SUMMITS Bush hopes to gain allies' approval



Allied leaders are expressing a new willingness to help in Iraq.
WASHINGTON (AP) -- Criticized for his go-it-alone approach in Iraq, President Bush is trying to build a new consensus among allies wary of a U.S. leader whose policies are widely unpopular in Europe.
The next five days are all about summitry -- the U.S.-European Union summit this weekend in Ireland and the NATO summit in Turkey next week. Allied leaders are expressing a new willingness to help in Iraq, although not at the levels once anticipated.
Still, they risk their own political capital back home if they appear too cozy with Bush.
"America has never been at a lower point in the minds of citizens around the world," says Thomas Mann, a political analyst at Brookings Institution, a liberal-leaning think tank. "Our relations with other countries, including natural allies, have seldom been as strained. To be associated with President Bush and current American policy is a political liability around the world right now."
Hotel security
Bush leaves today for Ireland, where about 4,000 police and 2,000 soldiers -- more than a third of security forces in the Irish Republic -- have deployed around Dromoland Castle, a luxury hotel in the west of Ireland that is hosting Saturday's summit.

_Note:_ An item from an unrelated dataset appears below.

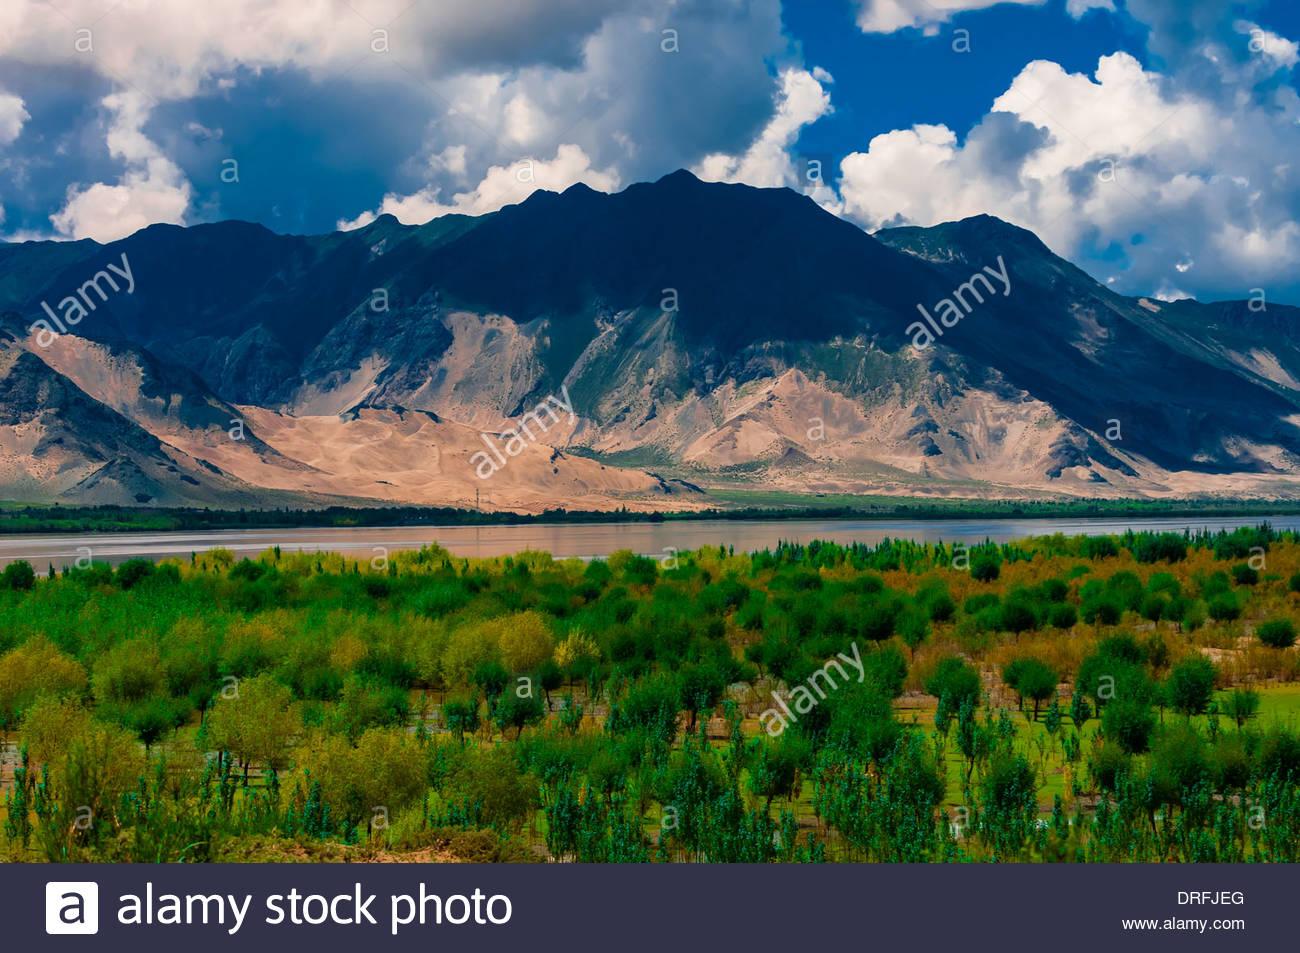 Nedong, Tibet (Xizang), China. - Stock Image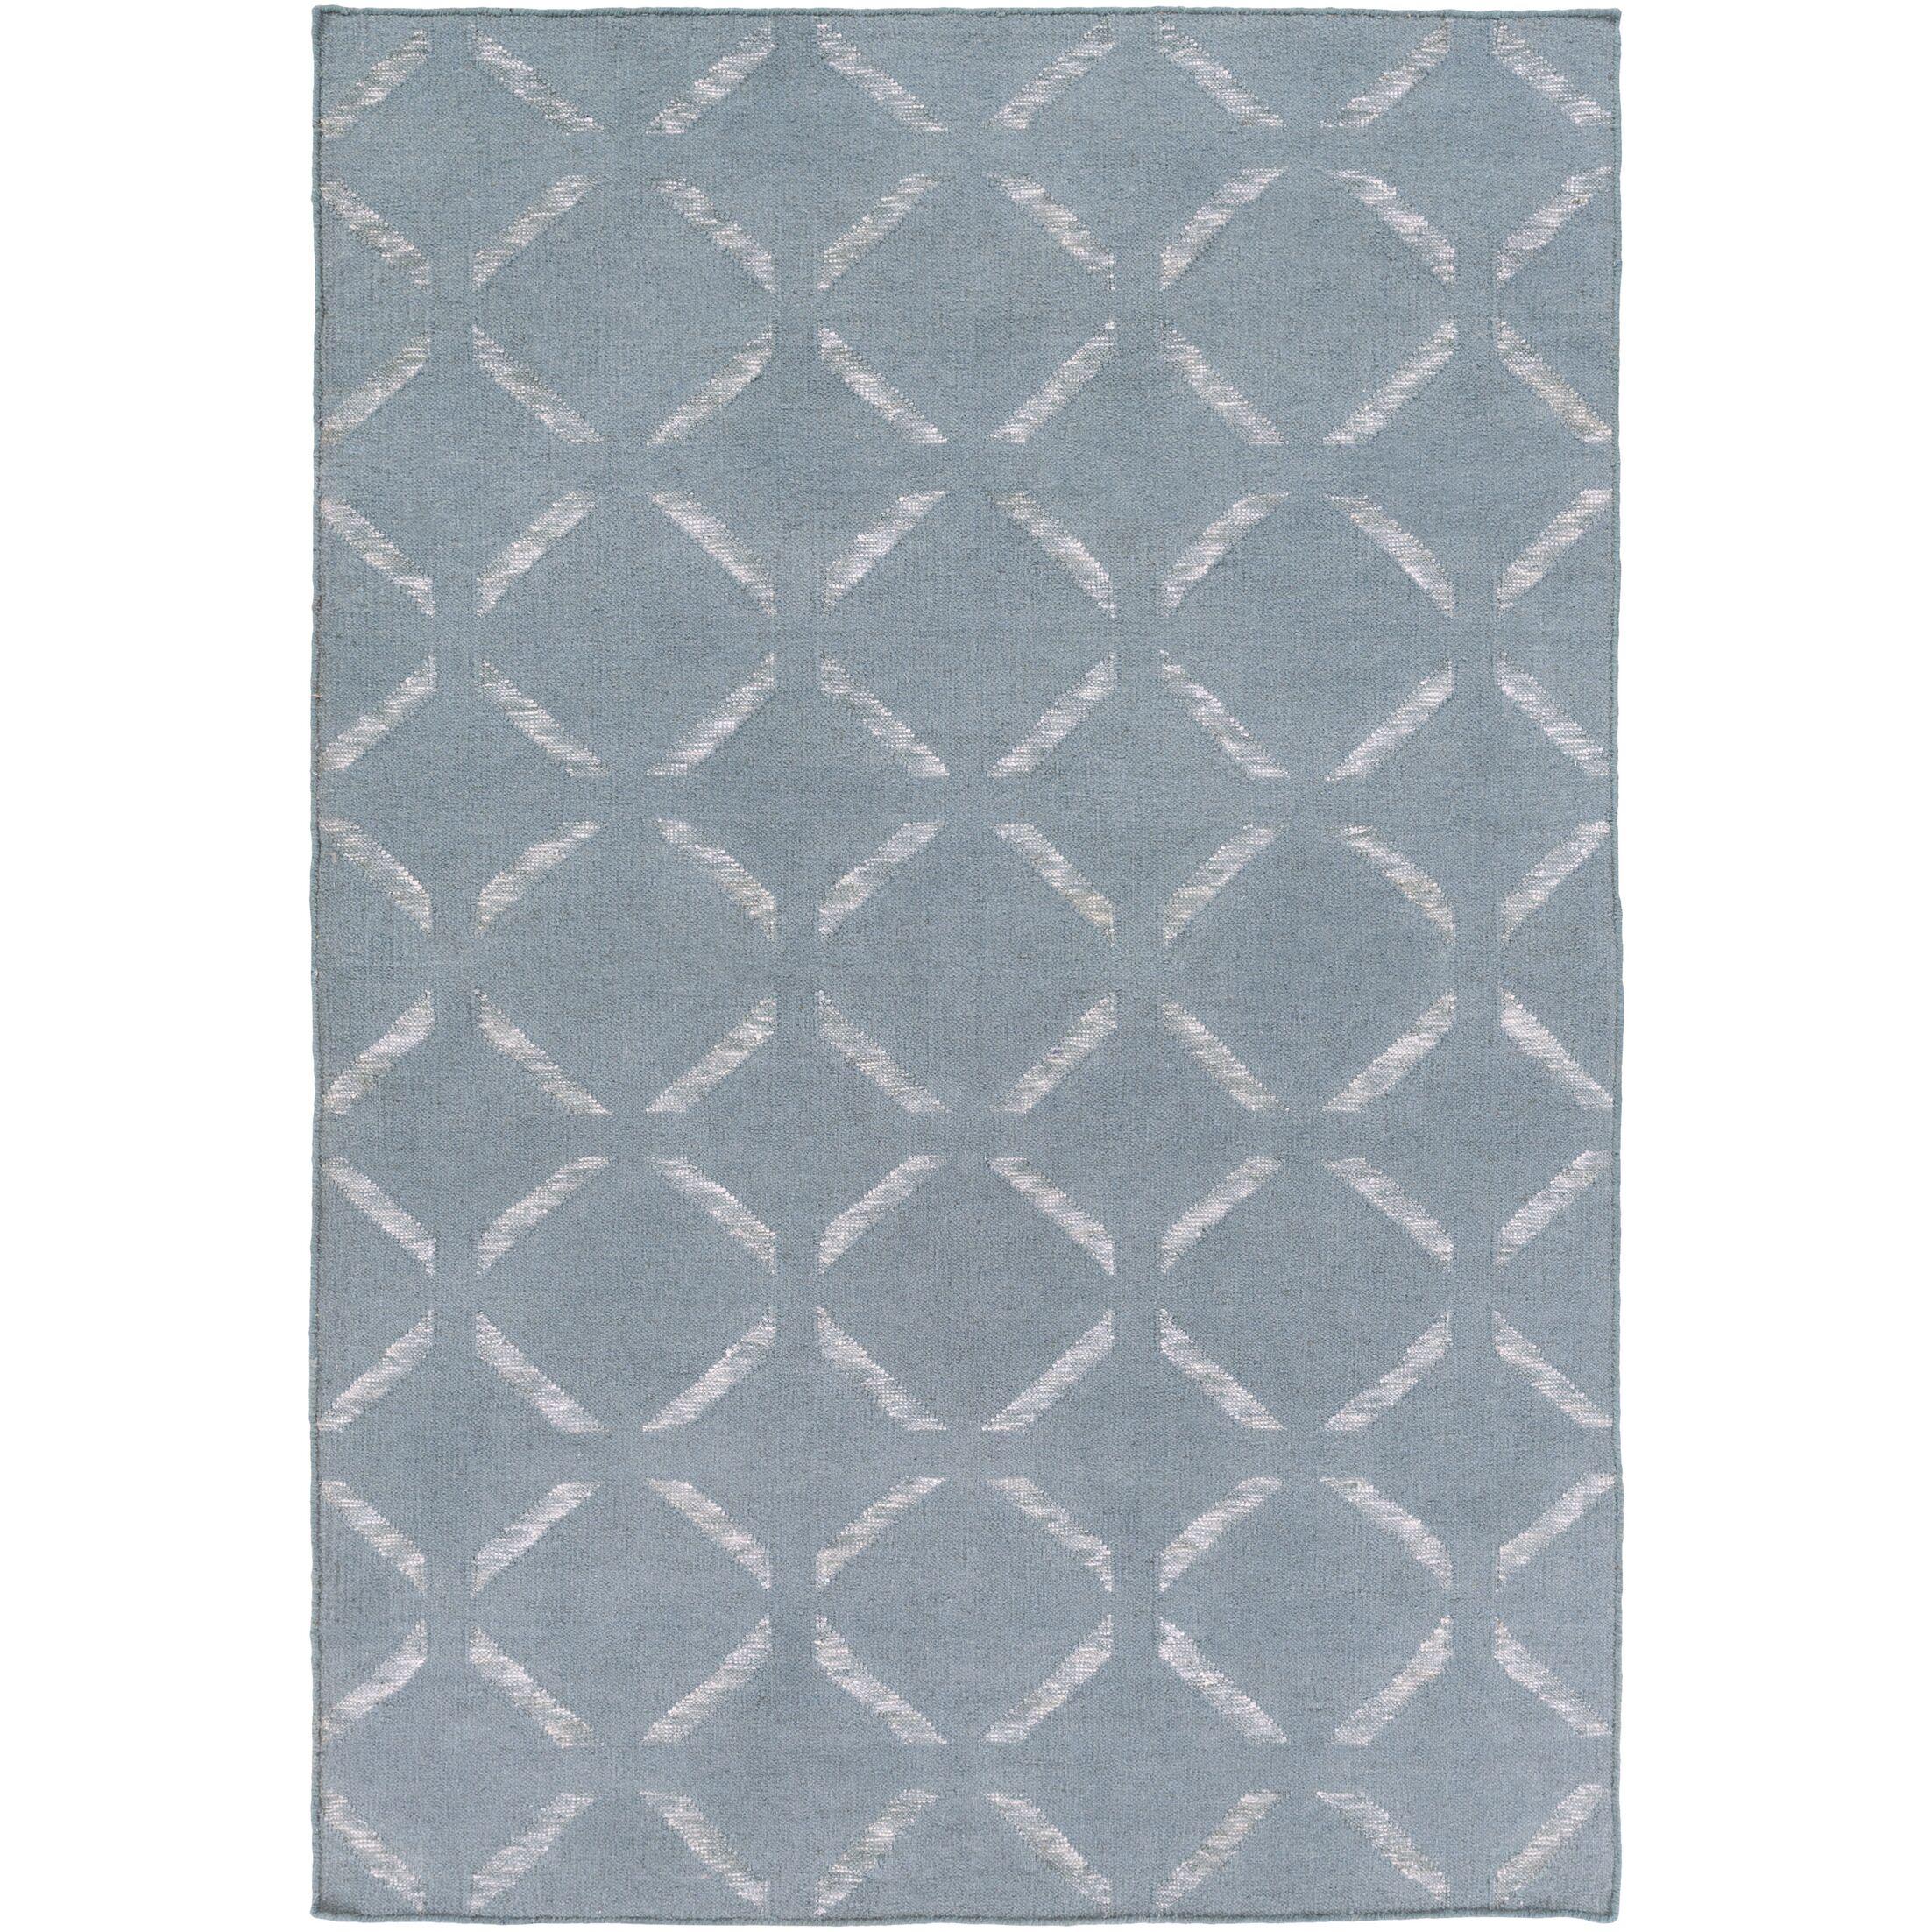 Chesterton Hand Woven Blue Area Rug Rug Size: Rectangle 4' x 6'

Left-wing activists planned protests in Dublin tonight and the summit venue Saturday. The protesters want Ireland to stop allowing U.S. military planes to land at Shannon airport, a strategic refueling point en route to Iraq. Protests are expected in several European cities this weekend.
Topics at both summits will range from Afghanistan to counterterrorism, from trade to curbing the spread of nuclear weapons. But Iraq will be at the forefront.
Bush, who is seeking allies' help in Iraq, will be holding out one hand and carrying what he believes is a persuasive argument in his pocket -- one that asks NATO members to look in their own history books.
"This is about the spread of freedom and liberty," Bush's national security adviser, Condoleezza Rice, said Thursday in explaining the message Bush will carry to Europe.
Interviewed about CIA leak
Amid Bush's travel preparations, the probe into who leaked the name of a CIA operative to a journalist moved to the highest level of government as federal investigators spent more than an hour with President Bush.
Bush was interviewed for 70 minutes Thursday by U.S. Attorney Patrick J. Fitzgerald, the head of the Justice Department investigation, and by members of his team.
Investigators want to know who leaked the name of Valerie Plame, an undercover CIA operative, to syndicated columnist Robert Novak last July. Disclosure of an undercover officer's identity can be a federal crime.